DNA Extraction and Bisulfite Conversion
Genomic DNA was extracted from endometrial tissues and cervical Pap brush samples using the TIANamp Genomic DNA Extraction Kit (Tiangen, Beijing) according to the recommendations of the manufacturer. Following isolation, DNA was eluted in 30 μL elution buffer and stored at −20 °C until analysis.
Isolated DNA was modified with bisulfite using the DNA Methylation Kit (Guangdong Bright-Innovation BioMed Co., Ltd, Shunde) following the manufacturer's protocol.
Quantitative Methylation-Sensitive PCR (qMS-PCR)
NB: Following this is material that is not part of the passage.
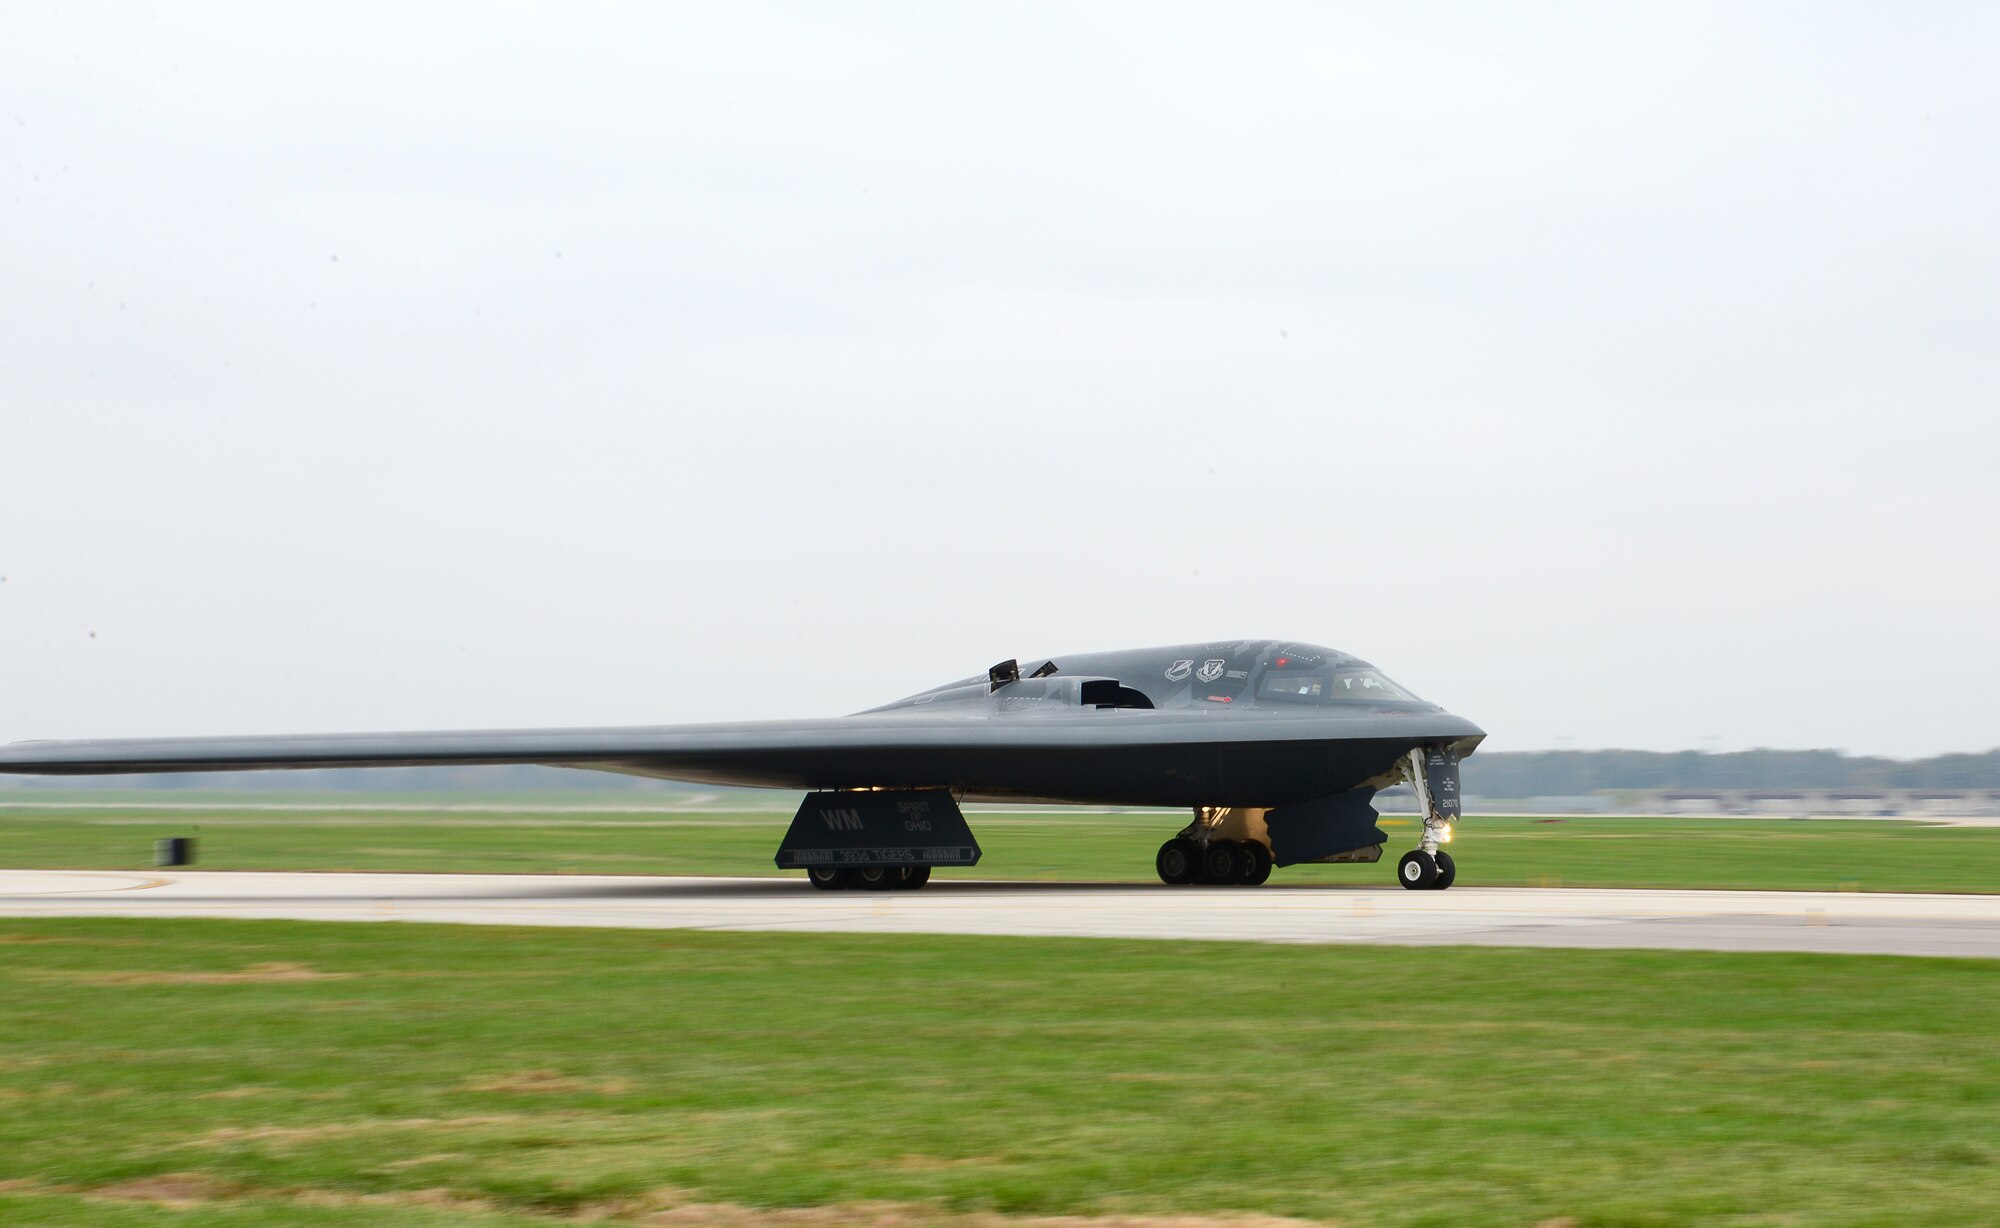 A U.S. Air Force B-2 Spirit assigned to Air Force Global Strike Command (AFGSC) prepare to take off from the runway at Whiteman Air Force Base, Mo., Oct 30, 2016, during exercise Global Thunder 17. AFGSC supports U.S. Strategic Command's (USSTRATCOM) global strike and nuclear deterrence missions by providing strategic assets, including bombers like the B-52 and B-2, to ensure a safe, secure, effective and ready deterrent force. Global Thunder is an annual training event that assesses command and control functionality in all USSTRATCOM mission areas and affords component commands a venue to evaluate their joint operational readiness.(U.S. Air Force photo by Tech. Sgt. Andy Kin)

Bisulfite-converted DNA was subjected to qMS-PCR testing for methylated RASSF1A, HIST1H4F, Septin 9, and PAX1. In brief, the PCR cycling conditions shared for four genes were as follows: 1 cycle at 50 °C for 5 min, followed by 1 cycle at 94 °C for 20 min, and 50 cycles at 93 °C for 30 s, 56 °C for 60 s, and 65 °C for 30 s. The housekeeping gene beta-actin (ACTB) was used as an internal reference for quantification and quality assessment. For the qMS-PCR testing, ≥ 1 out of 2 or 2 out of 3 replicates, where appropriate, were considered positive if a Ct value was < 40 as well as if the signal intensity of targets was greater than that of ACTB. Differences in methylation levels of the candidate genes among each group (ie, EC, AH, NE + CIN 1-2, and NE) were determined by methylation scores using the formula: 2[Ct (ACTB)−Ct (target)] × 100, as described previously. 23 All analyses were conducted on an ABI 7500 Real-Time PCR system (Applied Biosystems) and tests for each sample were conducted in duplicate or triplicate. The relevant primer and probe sequences for qMS-PCR are summarized in Table 2. All the target regions of methylation are promoters.
Table 2.
Primers and Probes Used for qMS-PCR.
| Primer/probe | Sequence (5′–3′) |
|---|---|
| RASSF1A-F | GCGTTGAAGTCGGGGTTC |
| RASSF1A-R | CCCGTACTTCGCTAACTTTAAACG |
| RASSF1A-P | FAM-AAACGCGAACCGAACGAAACC-BHQ1 |
| Septin 9-F | TTTAGTTAGCGCGTAGGGTTC |
| Septin 9-R | AACTAATAAACAACGAATCGCG |
| Septin 9-P | FAM-ACGCCCCCGACGAAACC-BHQ1 |
| HIST1H4F-F | AGGAATATTTTAAGAATATCGC |
| HIST1H4F-R | CCATCGCAAAATACTACG |
| HIST1H4F-P | FAM- GGTTAAGCGACGGATGG-BHQ1 |
| PAX1-F | GGCGGTAGGTTTTGGAGC |
| PAX1-R | CGCAATCCGAAAAAACTTAAACG |
| PAX1-P | FAM-TACGCGGCGGCGGCGG-BHQ1 |
| ACTB-F | ATAATAAAAAGGAGGTTGGAT |
| ACTB-R | CTCCCRCAAAACAACCAC |
| ACTB-P | VIC-CCACCTTACCCTAAACACTACAAC-BHQ1 |
Abbreviations: ACTB, beta-actin; qMS-PCR, quantitative methylation-sensitive polymerase chain reaction.
Statistical Analysis
Statistical analyses were performed using GraphPad Prism 5.0. To compare the levels of methylation markers among all groups, t-tests, analysis of variance (ANOVA), and post hoc tests for multiple comparisons were used, as appropriate. All significant differences were assessed using P < .05 (two-sided).
Results
DNA Methylation Detection in Endometrial Cancer Tissues
We used qMS-PCR to investigate the methylation status of a panel of molecular markers including RASSF1A, HIST1H4F, Septin 9, and PAX1 in 19 resected endometrial tissues from EC-affected women. To enlarge the sample size, we also collected an additional 13 FFPEs from EC patients within 3 years of hysterectomy in this study. Similar trends were seen in both sample types. Our qMS-PCR tests showed that methylated RASSF1A and HIST1H4F were detectable in EC. Conversely, Septin 9 and PAX1 are barely amplified in all EC specimens. Further, we compared the methylation levels of the four genes in EC and found that RASSF1A and HIST1H4F had considerably higher methylation levels compared to Septin 9 and PAX1 (Figure 1, P < .001).
Figure 1.
Scatter plot of RASSF1A, HIST1H4F, Septin 9, and PAX1 methylation status in EC tissues. Methylation levels were determined by qMS-PCR. Kruskal-Wallis statistics and Dunn's multiple comparison tests were conducted.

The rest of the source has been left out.